From: Thomas Lord <lord@emf.net>
Date: Thu, 06 Aug 2009 16:27:05 -0700
To: Tal Leming <tal@typesupply.com>
Cc: www-font <www-font@w3.org>
Message-Id: <1249601225.6082.104.camel@dell-desktop.example.com>
On Thu, 2009-08-06 at 15:10 -0400, Tal Leming wrote:
> We, (Jonathan Kew, Erik van Blokland and myself) have combined our ZOT  
> and .webfont proposals into a new WebOTF proposal. The full  
> specification is attached.

I am curious if you considered a particular 
alternative to table compression.
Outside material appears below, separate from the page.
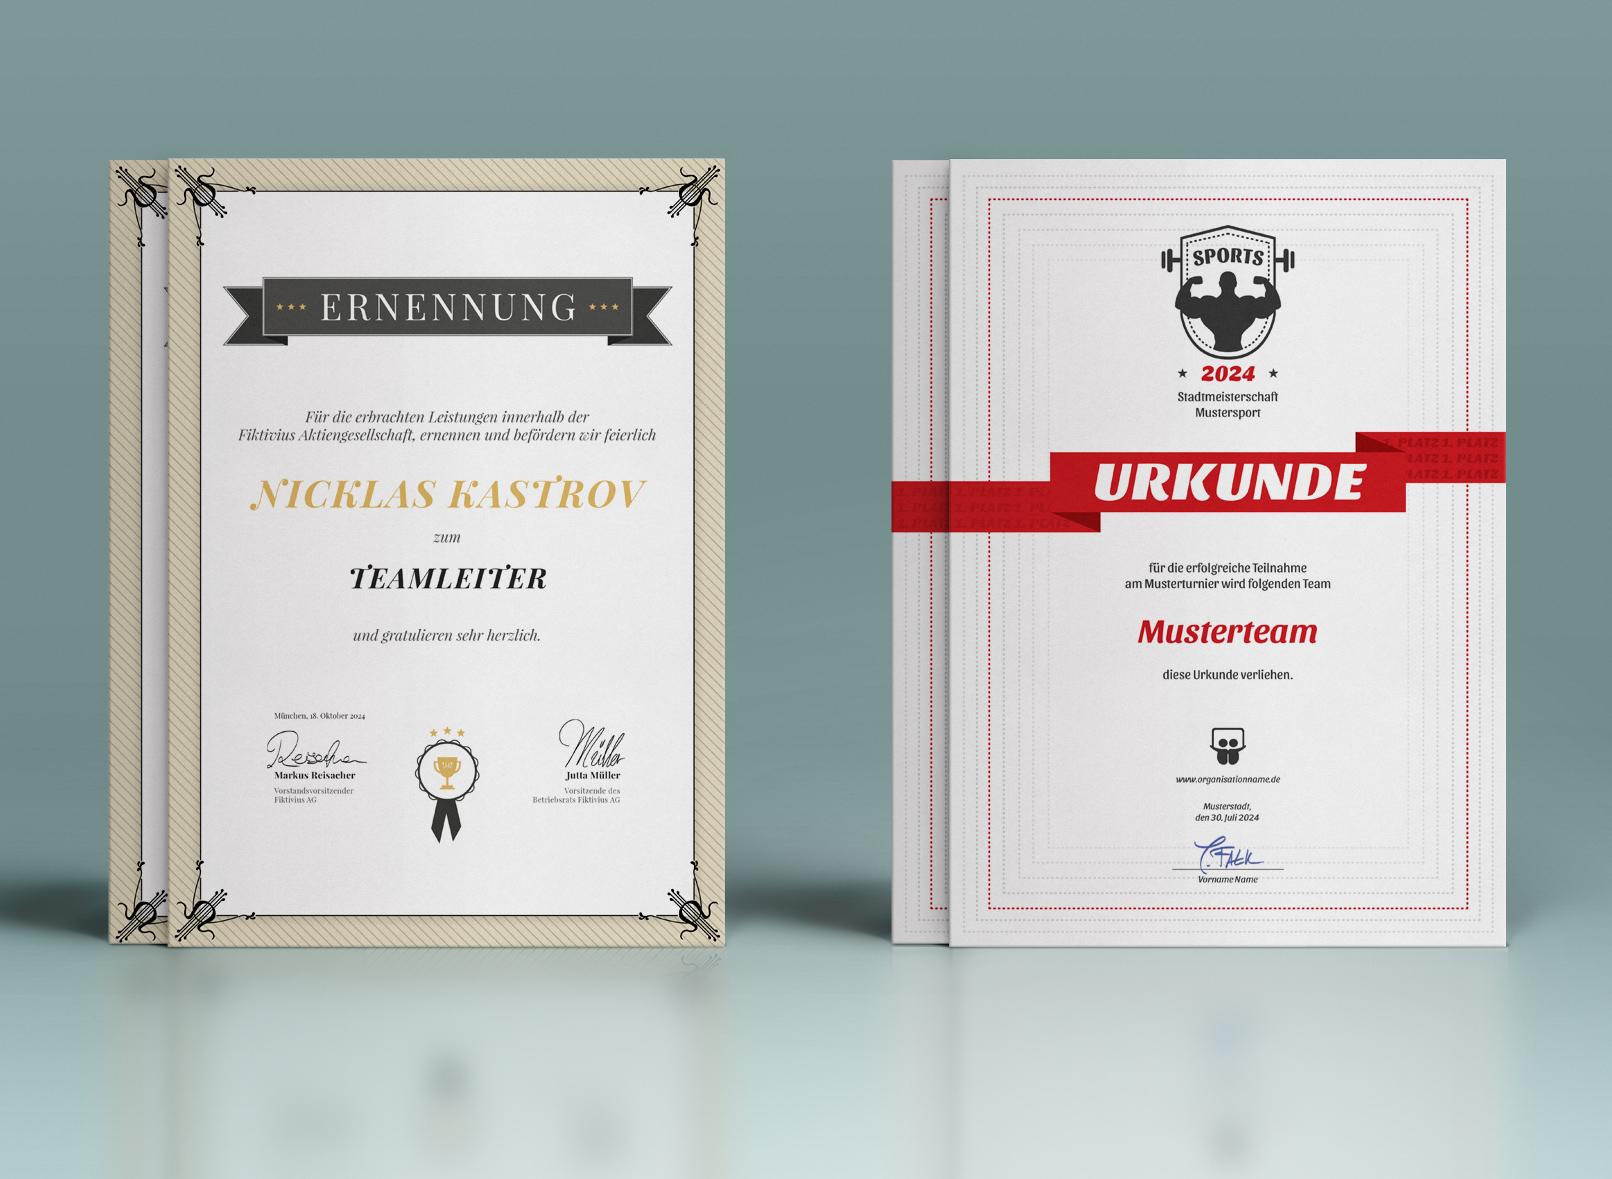 Vorlagen für Urkunden und Zertifikate zum Download, Gestalten und Ausdrucken – Sport

Namely:

Whole file compression is not incompatible with
a degree of random access to a file.  bzip2
and gzip offer support for this.

Whole file compression is normally handled
lower in the stack, in a generic way.  (I
guess the term of art is "at the request layer").
At that layer, the decompression magic needed
to perform random-access, partial reads of 
the uncompressed resource can be hidden from
font code.

Providing the random access magic is at a
lower layer is a cleaner, more general approach:
it can be re-used for other media types.

Whole file compression with its way
of handling random access would avoid breaking
the DSIG field.

I also wonder what the density of a "typical"
font subset will be.  If it is large enough 
relative to the chunk size at which generic 
compression supports random access,  it may
less often be necessary to subset at all.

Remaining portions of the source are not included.